On Nov. 23, she is having a book-signing at Starbucks, 6620 Monticello Road, in Shawnee for her first book, “Mime for Michael.” The book is based on the life of her late uncle, Michael Jolliffe, a mime artist and painter. Joliffe was deaf but was a successful mime and had some of his paintings on display at the Smithsonian Institute in Washington, D.C., where he also worked in the United States history department.

Svenson said she decided to write the book about Jolliffe while earning her sign language certificate at Johnson County Community College.

“I thought how cool would it be to write a book based on his life and how he overcame his disability,” Svenson said.

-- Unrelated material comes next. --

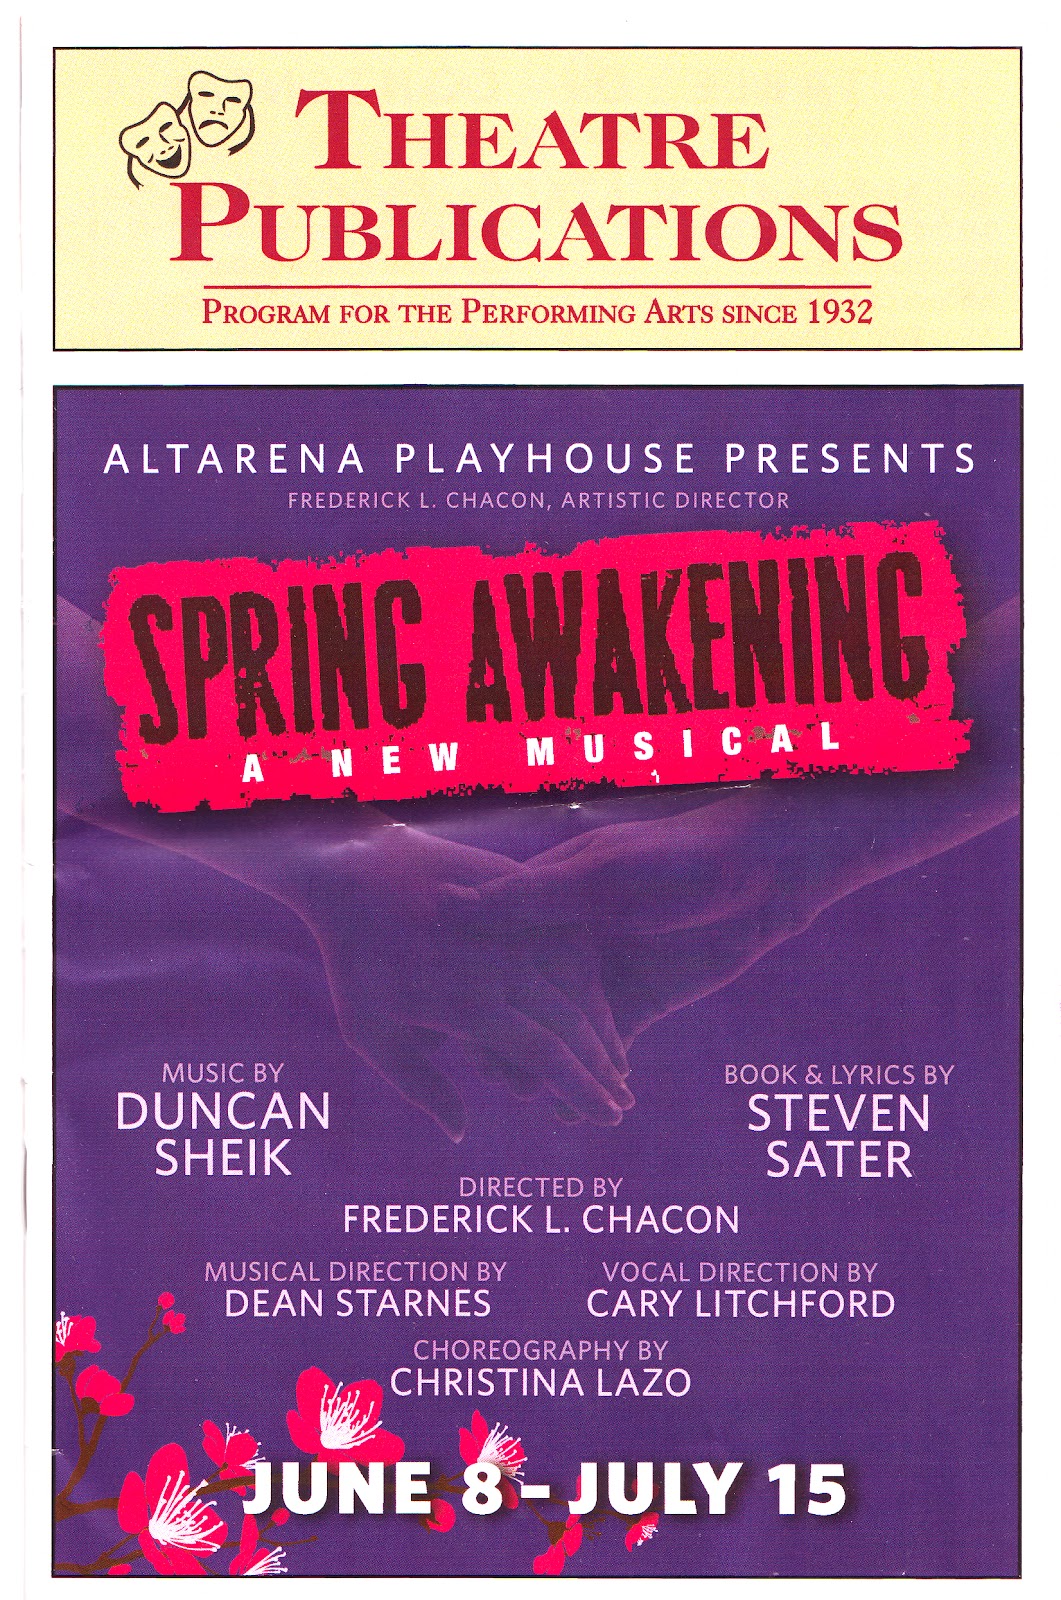 Mike The Content Producer: Spring Awakening at the Altarena Playhouse

In the book, Michael learns about his talent for miming through support of his family, friends and teachers. The illustration of Michael features the same green eyes as Jollife had and the same blond cowlick in his hair. The 24-page book is targeted to elementary-age children and features a small, green turtle on every page that is supposed to engage even younger children.

“This isn’t just a book for kids with disabilities; it could be anybody. We all have insecurities that we need to overcome,” Svenson said.

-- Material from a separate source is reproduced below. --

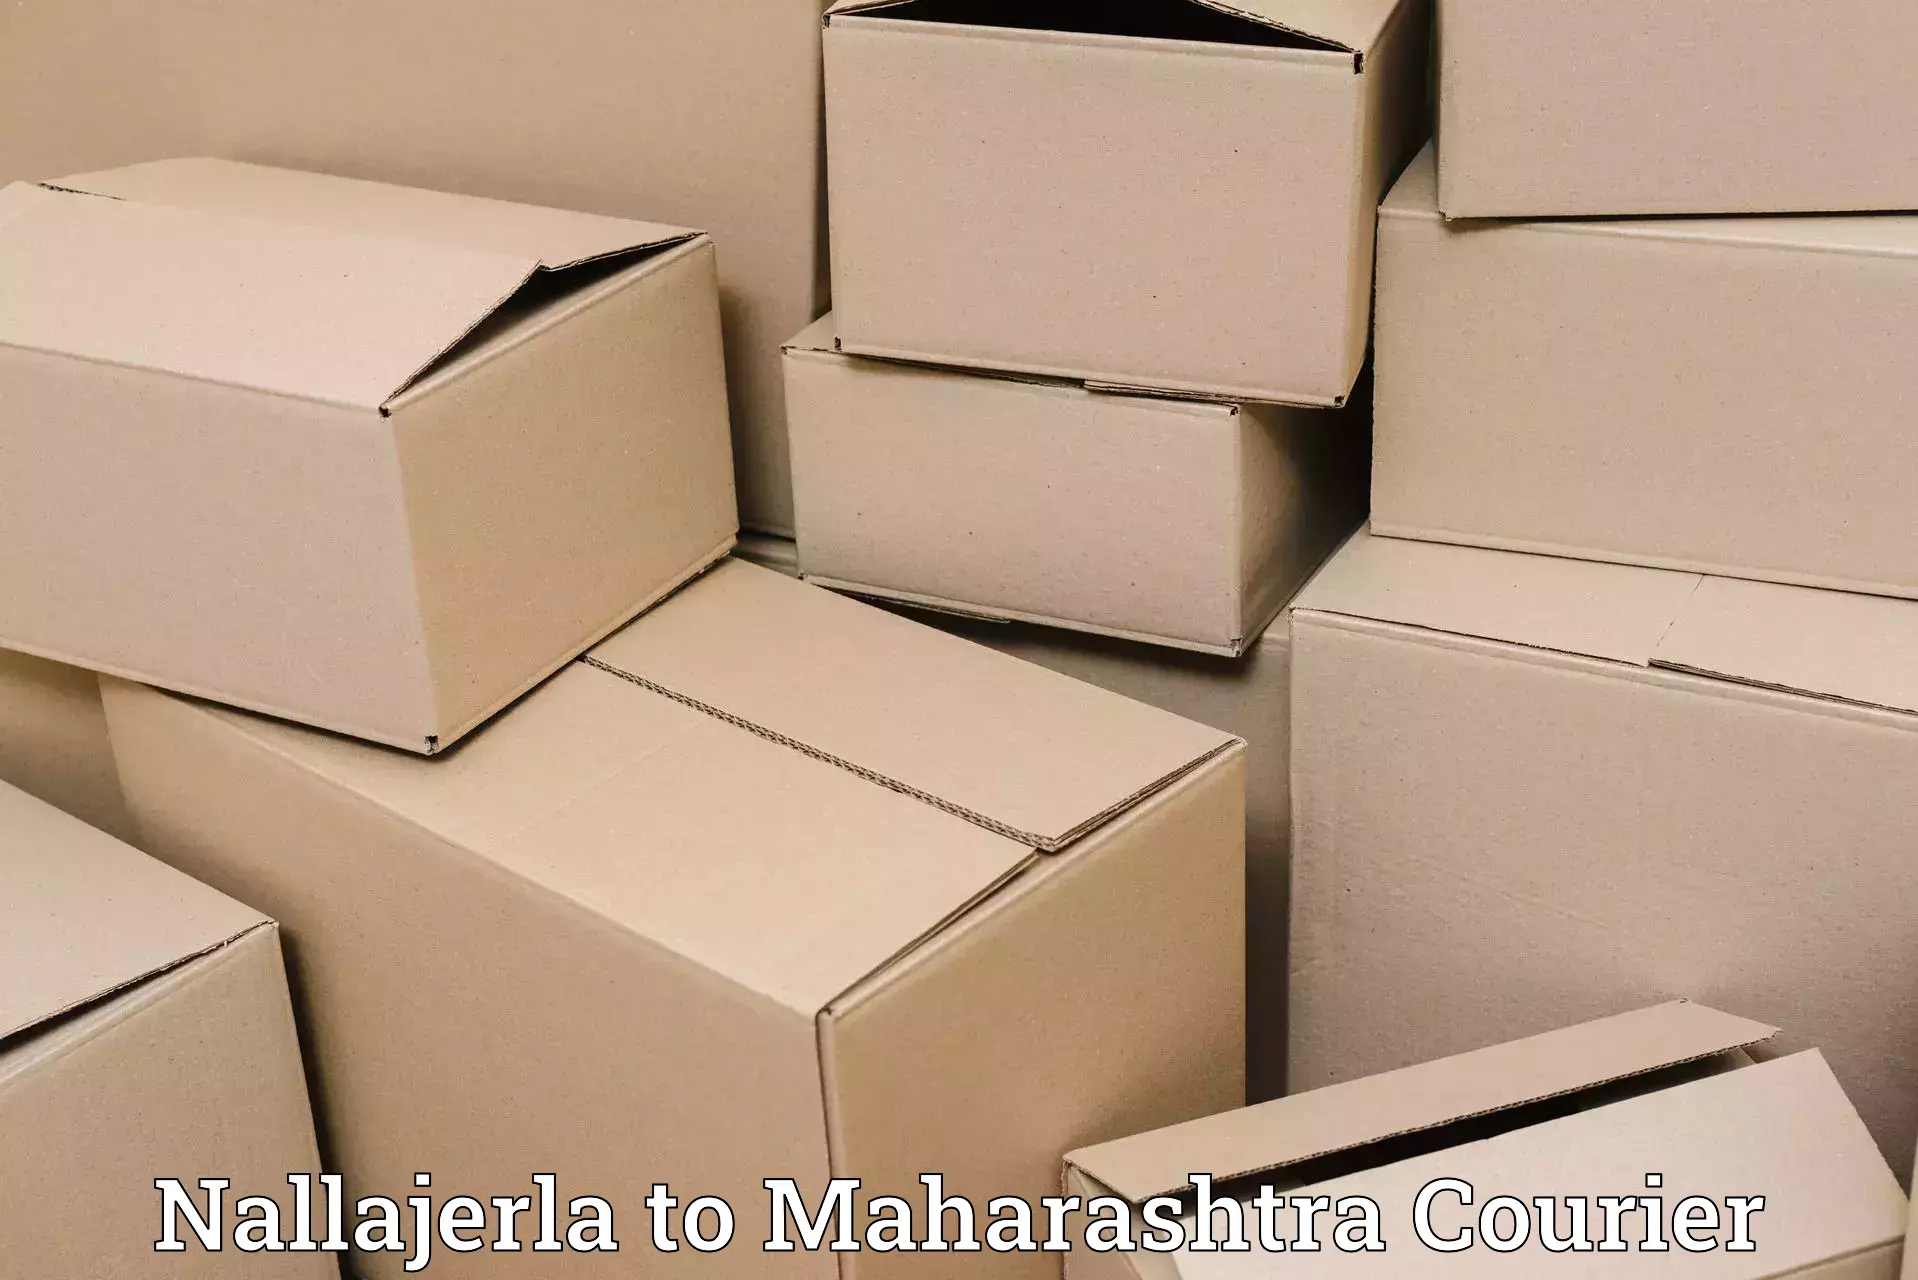 Bulk shipping discounts Nallajerla to Pune

Growing up, Svenson said, she was always encouraged by her parents and teachers and told that she could accomplish anything. After high school, she attended the University of St. Mary and earned a degree in English and psychology. Svenson says she has always had a passion for special education beginning from her days attending a Kansas Youth Empowerment Academy as a teen.

“I guess it was all of the support I had when I was growing up that made me believe that anything was possible,” Svenson said.

She has also had a passion for writing and has been writing plays and short novels for most of her life. Before signing the book deal for the “I Can Series,” Svenson said she had submitted seven short novels for consideration.

It was when they were rejected that Svenson’s parents suggested she try writing a children’s book.

“Then I started to think about my uncle and the inspiration he is,” Svenson said.

Tate Publishing contacted Svenson four weeks after she submitted the story, interested in pursuing a series. Each book in the series will focus on a child with a different disability and how the child overcame perceived limitations.

Svenson has been promoting the book all summer and has held signings throughout Leavenworth County, all while attempting to reach children individually as a teacher.

“I try to get it engraved in their minds that I believe in them,” Svenson said, “that they can do anything.”